Frente a cada legión formaban una línea los velites o soldados ligeros armados sólo con escudo y jabalinas. Tras ellos la primera línea de 10 manípulos de hastati armados con el escudo pesado o scutum, yelmo de bronce, espada de hierro del tipo griego, jabalina pesada o pilum y protección corporal consistente en una greba de bronce para la pierna derecha y un peto cuadrado de bronce de poco más de un palomo cuadrado que protegía el pecho. Tras los hastati se alineaban los 10 manípulos de principes, armados de igual forma, aunque algunos de ellos se protegieran con una coraza de cota de malla (los que podían permitirse el lujo). Y tras ellos los 10 manípulos de triarii, las reservas de la legión que sólo entraban en combate si la situación era desesperada. Su misión consistía en cubrir la retirada y eran los combatientes de mayor edad. Casi todos ellos se protegían con cotas de malla y en lugar del pilum llevaban una lanza. Durante la batalla permanecían arrodillados, protegiéndose con sus escudos.

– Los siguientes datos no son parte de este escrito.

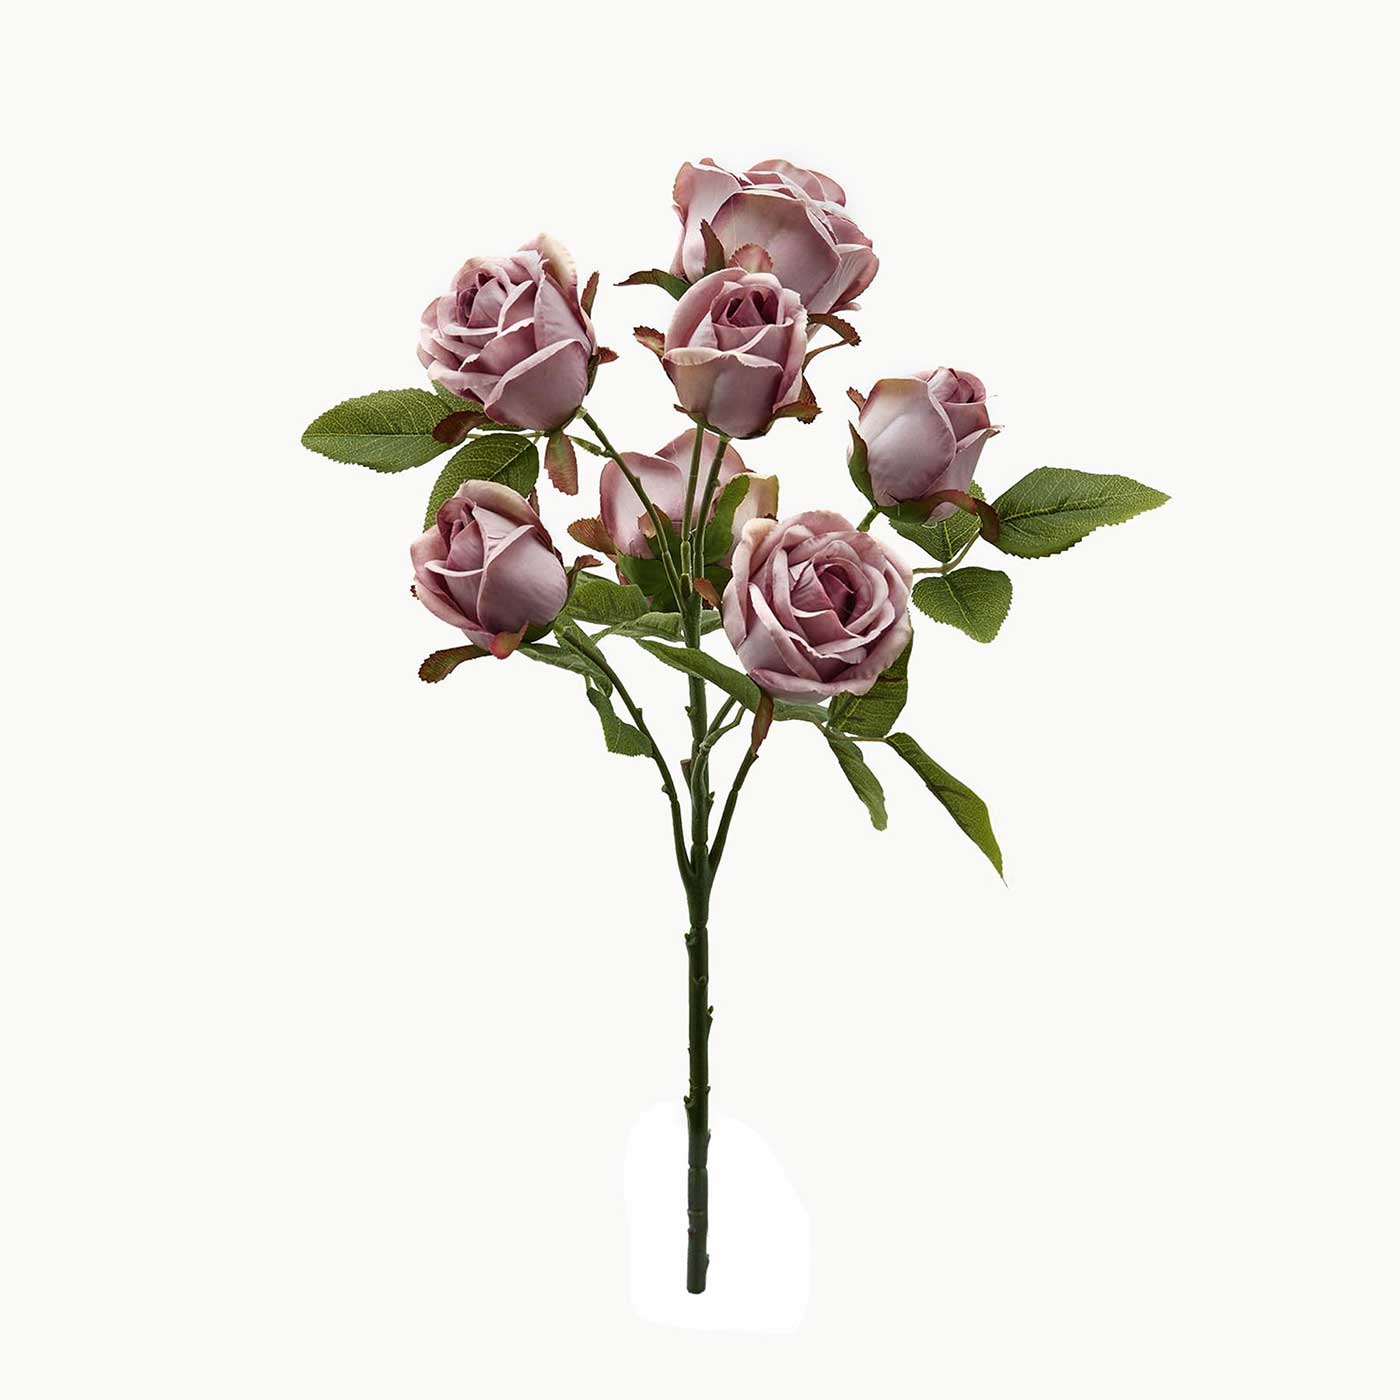 Bouquet 7 Rose Artificiali in Seta Stile Shabby Chic Colore Malva
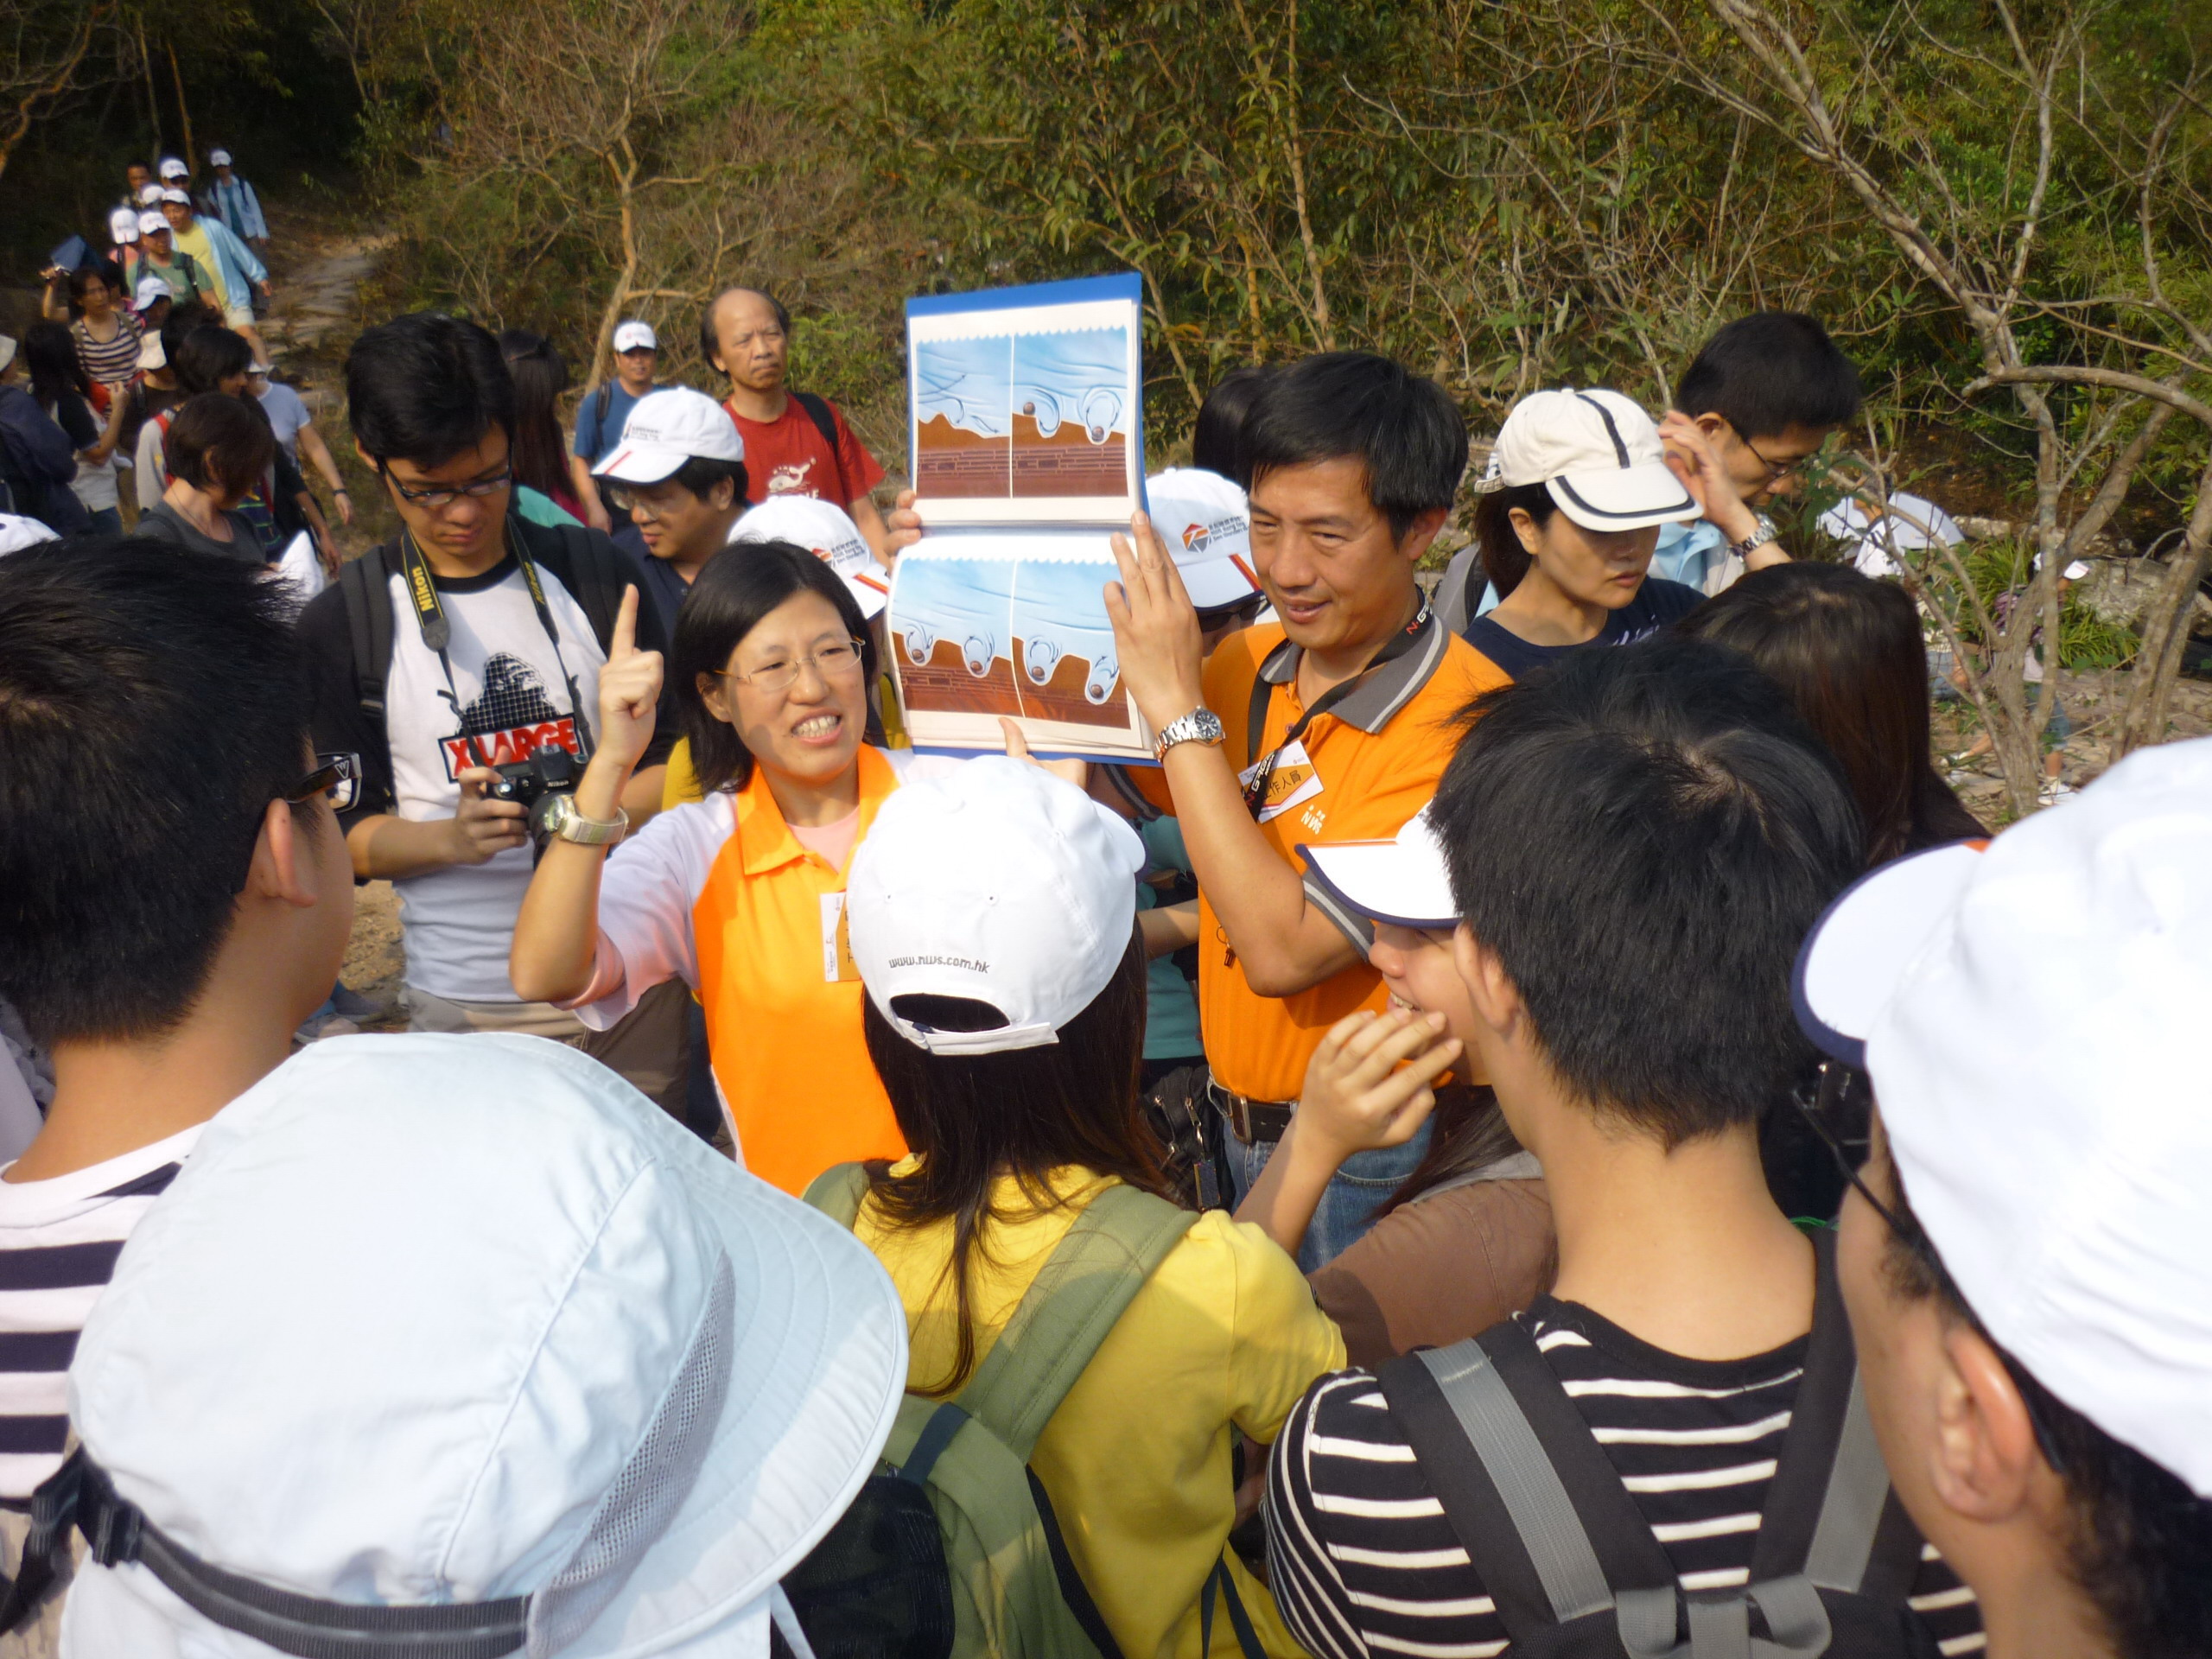 NWS Hong Kong Geo Wonders Hike kicks off its series of events

Estos son los ejércitos que se enfrentaron en las guerras Púnicas. Sin embargo, Cartago tenía un punto débil, un verdadero talón de Aquiles, ya que la mayoría de sus tropas estaban compuestas por contingentes mercenarios contratados a lo largo y ancho del mundo. Parece que en Cartago no existía una auténtica conciencia de Defensa Nacional, y la mayoría de los ciudadanos creía que ese era un asunto del que únicamente debían ocuparse los soldados contratados para ello. Al enfrentarse a una Roma cuyos ciudadanos eran todos sin excepción soldados desde que cumplían los 16 años, esto se reveló como un problema enorme. Estos soldados profesionales púnicos integraban la falange macedónica armada con la sarissa o lanza de 6 metros de longitud. Los falangistas formaban un bloque compacto con las cinco primeras filas de lanzas asomando al frente mientras las demás filas las mantenían en alto para parar los proyectiles lanzados.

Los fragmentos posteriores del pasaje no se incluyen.